||[Jan. 4th, 2008|02:23 am]
ever since the second that we hang up on the phone, |
i'm already starting to miss your voice.
and that was when i realised how much i depend on you.
perhaps the word, independent, is just a shield i use to cover my own weakness.
i don't know why am i suddenly emo-ing in my blog.
or rather even when the whole world collapse also bochap de eileen has changed.
i used to live in my own world.
nobody really know what i am thinking inside.
laughing at people's joke may just be another lie.
i won't force a fake laugh at someone else's joke anymore.
that's is so hypocritical.
life is hypocritical.
get an example?
chinese new year.
"HELLO! HAPPY NEW YEAR HAPPY NEW YEAR! :D"
sometimes i just wish to stay at home during that period of time,
though it means less angbao for me.
look at that line again.
i must repeat that line for umpteen times.
i mean i don't mind wishing people who are closer to me happy new year,
but to those whom i only see them like once a year,
it's a fake smile.
i don't even know why i'm typing this post.
venting my anger on blog out of nowhere.
and i haven't even train my own maple char yet.
well done eileen.
i have to wake up early tomorrow to vaccuum and mop the whole house.

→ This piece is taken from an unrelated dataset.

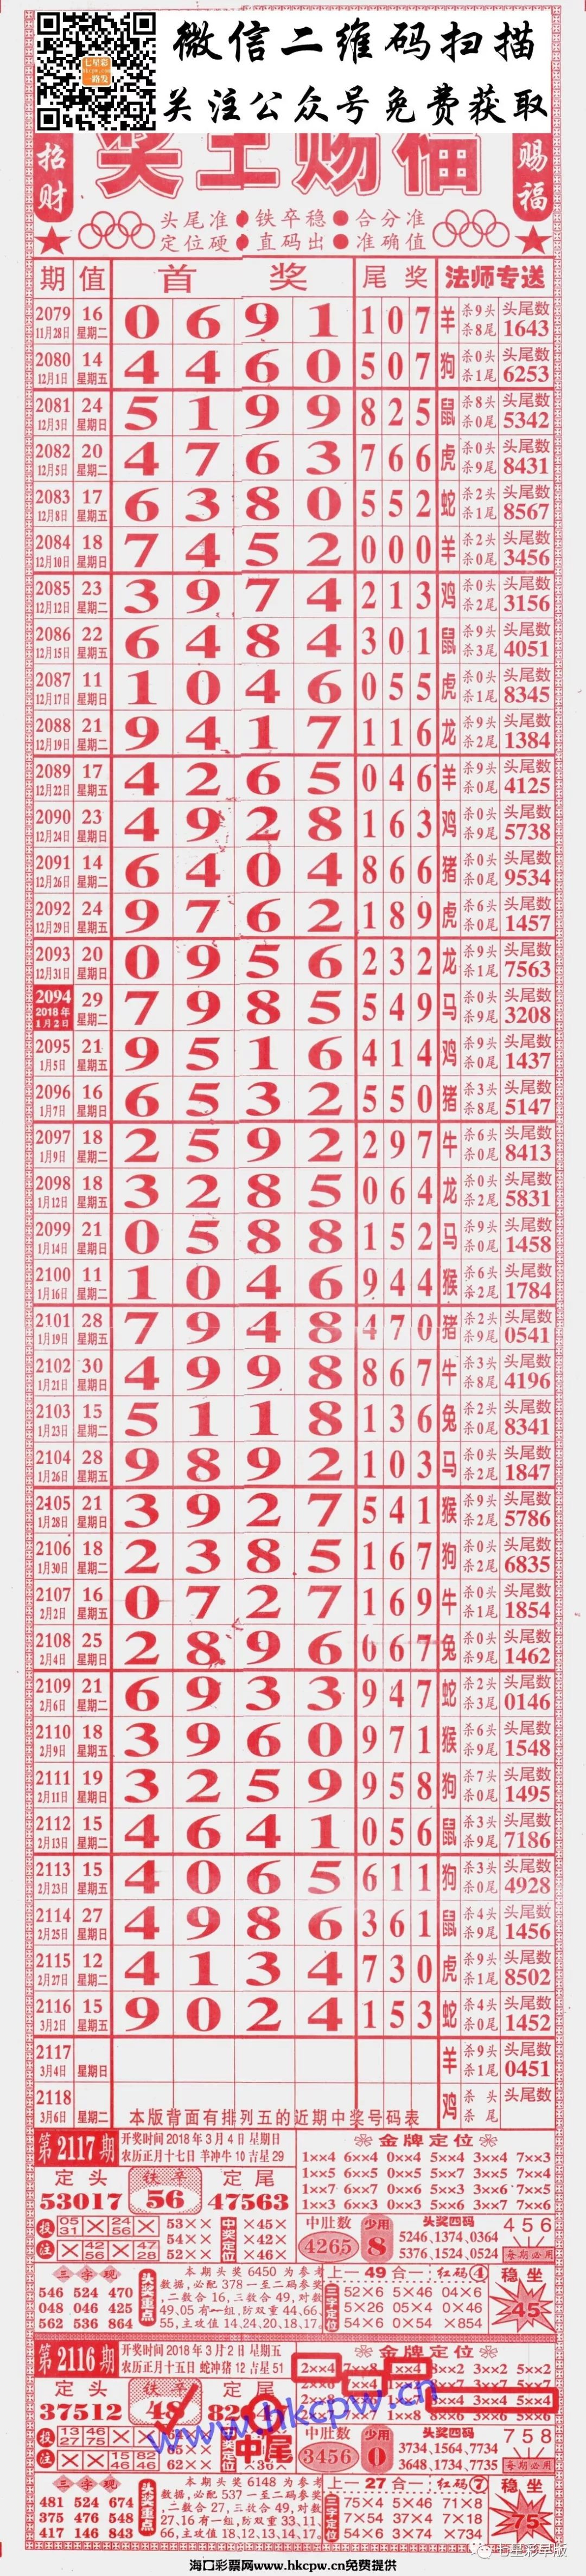 2117期七星彩长条:808,粤海局王,至尊,三点红,利民总版,新加坡对手等

sometimes, i'm just so glad that i only live in a three room flat.
and the menu for tomorrow will be...
prepare for balding session, eileen!
wishes for year 2008:
1. to last with Ren, as long as we can.
2. to get into TP.
3. to change my whole wardrobe.
4. to get a bag.
(apology to ngmin for borrowing your bag for such a long period of time.)
i'll return you after i save up enough.
5. to be able to survive in poly, if i manage to get into one.
i really don't wanna get lost in school compound.
that's so embarrassing.
go to bed, children.
go back to maple, eileen.
ren is the love!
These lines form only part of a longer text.